▸ **EXERCISE GOAL**:
Your answer should be the entries, repeated exactly.

◆ ◆ ◆ ◆

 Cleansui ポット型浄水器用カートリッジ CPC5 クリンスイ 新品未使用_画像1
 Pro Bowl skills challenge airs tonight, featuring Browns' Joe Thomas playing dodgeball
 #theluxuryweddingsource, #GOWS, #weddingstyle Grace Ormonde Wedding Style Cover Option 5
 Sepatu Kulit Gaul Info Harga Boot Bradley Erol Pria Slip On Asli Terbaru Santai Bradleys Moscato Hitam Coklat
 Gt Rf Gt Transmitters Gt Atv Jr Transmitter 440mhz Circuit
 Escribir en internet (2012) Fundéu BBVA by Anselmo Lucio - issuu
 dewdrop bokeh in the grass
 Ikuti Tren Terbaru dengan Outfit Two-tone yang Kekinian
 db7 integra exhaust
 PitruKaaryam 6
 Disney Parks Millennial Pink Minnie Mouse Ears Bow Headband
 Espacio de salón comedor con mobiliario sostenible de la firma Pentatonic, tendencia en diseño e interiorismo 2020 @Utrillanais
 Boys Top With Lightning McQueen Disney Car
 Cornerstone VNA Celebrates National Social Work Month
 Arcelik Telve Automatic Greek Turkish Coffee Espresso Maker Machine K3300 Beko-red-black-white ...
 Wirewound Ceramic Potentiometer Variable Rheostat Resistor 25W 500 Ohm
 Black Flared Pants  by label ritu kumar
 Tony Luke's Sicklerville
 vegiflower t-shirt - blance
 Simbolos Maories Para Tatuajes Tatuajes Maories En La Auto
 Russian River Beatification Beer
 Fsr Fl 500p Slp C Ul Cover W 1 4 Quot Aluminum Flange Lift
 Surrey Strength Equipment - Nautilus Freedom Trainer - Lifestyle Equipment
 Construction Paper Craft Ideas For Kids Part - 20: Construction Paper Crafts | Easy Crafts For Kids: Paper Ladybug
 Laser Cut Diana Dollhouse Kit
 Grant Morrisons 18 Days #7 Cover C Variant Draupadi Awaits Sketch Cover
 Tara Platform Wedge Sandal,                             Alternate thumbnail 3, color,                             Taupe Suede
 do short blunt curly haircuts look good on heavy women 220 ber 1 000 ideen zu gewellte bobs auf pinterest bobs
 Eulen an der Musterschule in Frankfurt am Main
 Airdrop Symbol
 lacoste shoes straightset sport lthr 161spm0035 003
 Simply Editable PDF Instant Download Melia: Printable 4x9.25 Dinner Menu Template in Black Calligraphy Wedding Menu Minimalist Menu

◆ ◆ ◆ ◆

▸ **ANSWER TO THE PROBLEM**:
 Cleansui ポット型浄水器用カートリッジ CPC5 クリンスイ 新品未使用_画像1
 Pro Bowl skills challenge airs tonight, featuring Browns' Joe Thomas playing dodgeball
 #theluxuryweddingsource, #GOWS, #weddingstyle Grace Ormonde Wedding Style Cover Option 5
 Sepatu Kulit Gaul Info Harga Boot Bradley Erol Pria Slip On Asli Terbaru Santai Bradleys Moscato Hitam Coklat
 Gt Rf Gt Transmitters Gt Atv Jr Transmitter 440mhz Circuit
 Escribir en internet (2012) Fundéu BBVA by Anselmo Lucio - issuu
 dewdrop bokeh in the grass
 Ikuti Tren Terbaru dengan Outfit Two-tone yang Kekinian
 db7 integra exhaust
 PitruKaaryam 6
 Disney Parks Millennial Pink Minnie Mouse Ears Bow Headband
 Espacio de salón comedor con mobiliario sostenible de la firma Pentatonic, tendencia en diseño e interiorismo 2020 @Utrillanais
 Boys Top With Lightning McQueen Disney Car
 Cornerstone VNA Celebrates National Social Work Month
 Arcelik Telve Automatic Greek Turkish Coffee Espresso Maker Machine K3300 Beko-red-black-white ...
 Wirewound Ceramic Potentiometer Variable Rheostat Resistor 25W 500 Ohm
 Black Flared Pants  by label ritu kumar
 Tony Luke's Sicklerville
 vegiflower t-shirt - blance
 Simbolos Maories Para Tatuajes Tatuajes Maories En La Auto
 Russian River Beatification Beer
 Fsr Fl 500p Slp C Ul Cover W 1 4 Quot Aluminum Flange Lift
 Surrey Strength Equipment - Nautilus Freedom Trainer - Lifestyle Equipment
 Construction Paper Craft Ideas For Kids Part - 20: Construction Paper Crafts | Easy Crafts For Kids: Paper Ladybug
 Laser Cut Diana Dollhouse Kit
 Grant Morrisons 18 Days #7 Cover C Variant Draupadi Awaits Sketch Cover
 Tara Platform Wedge Sandal,                             Alternate thumbnail 3, color,                             Taupe Suede
 do short blunt curly haircuts look good on heavy women 220 ber 1 000 ideen zu gewellte bobs auf pinterest bobs
 Eulen an der Musterschule in Frankfurt am Main
 Airdrop Symbol
 lacoste shoes straightset sport lthr 161spm0035 003
 Simply Editable PDF Instant Download Melia: Printable 4x9.25 Dinner Menu Template in Black Calligraphy Wedding Menu Minimalist Menu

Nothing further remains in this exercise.